## ASSIGNMENT
Give back the full listing exactly, setting the pictures aside.

## SUPPLIED DATA
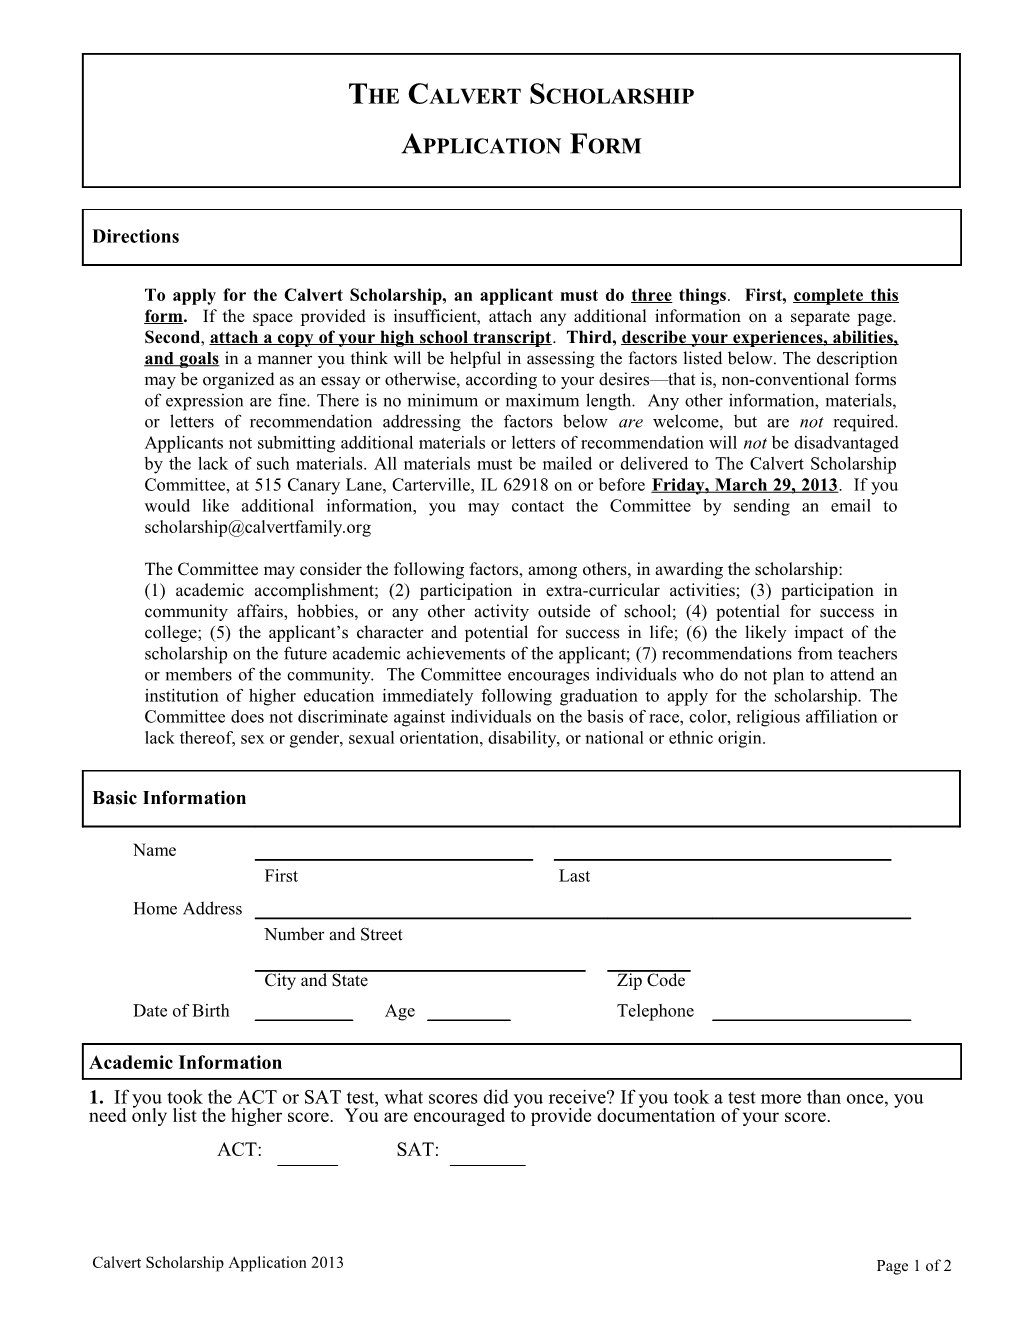 Calvert Scholarship - Application Form - 2008 (T: Wcalvert S2647120;1)
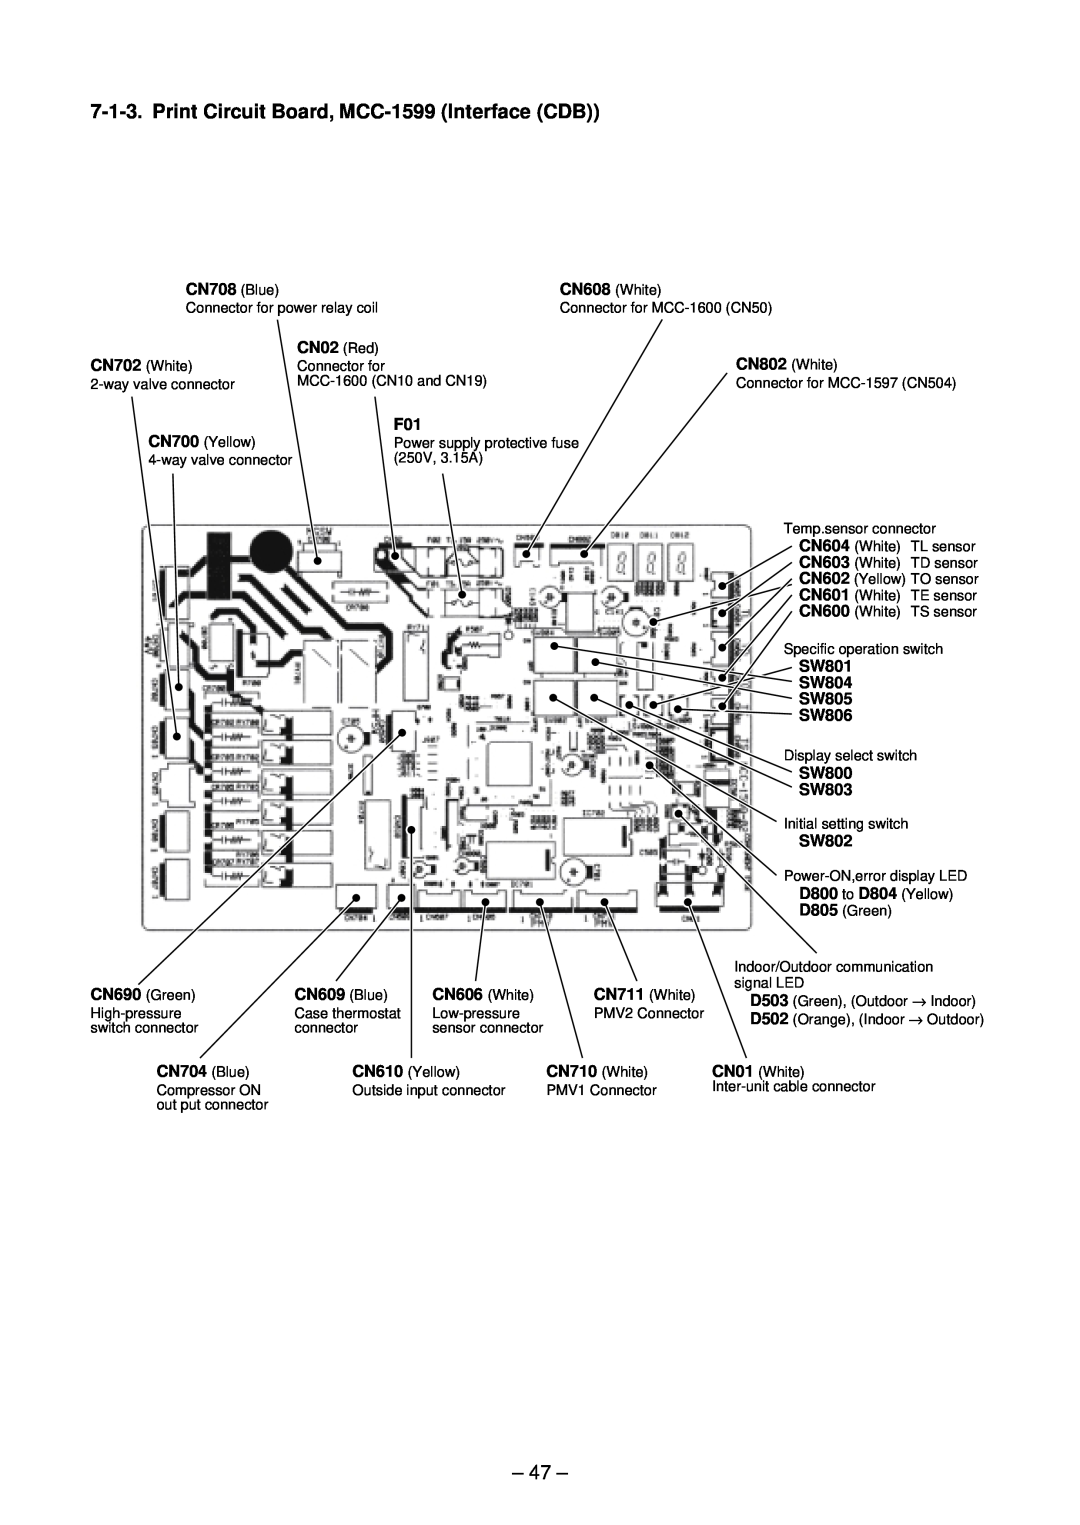 Toshiba RAV-SM2244AT7ZG, RAV-SM2804AT8ZG-E, RAV-SM2244AT8ZG-E, RAV-SM2804AT7Z Print Circuit Board, MCC-1599Interface CDB, 47 
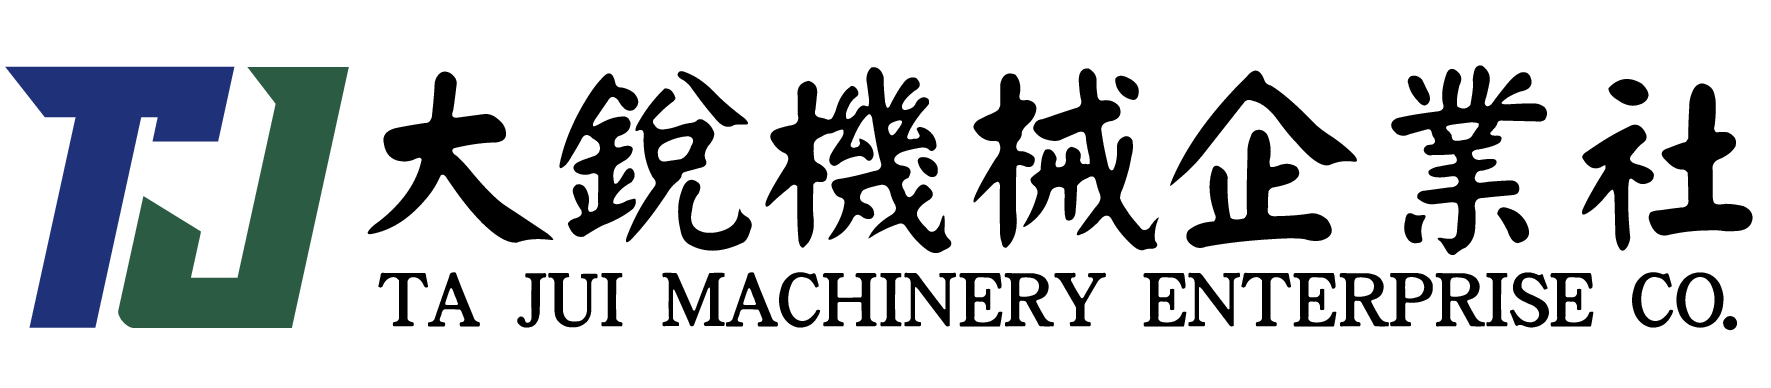 大銳機械企業社 TA JUI MACHINERY ENTERPRISE CO.

## RESPONSE
 Calvert Scholarship - Application Form - 2008 (T: Wcalvert S2647120;1)
 Toshiba RAV-SM2244AT7ZG, RAV-SM2804AT8ZG-E, RAV-SM2244AT8ZG-E, RAV-SM2804AT7Z Print Circuit Board, MCC-1599Interface CDB, 47 
 大銳機械企業社 TA JUI MACHINERY ENTERPRISE CO.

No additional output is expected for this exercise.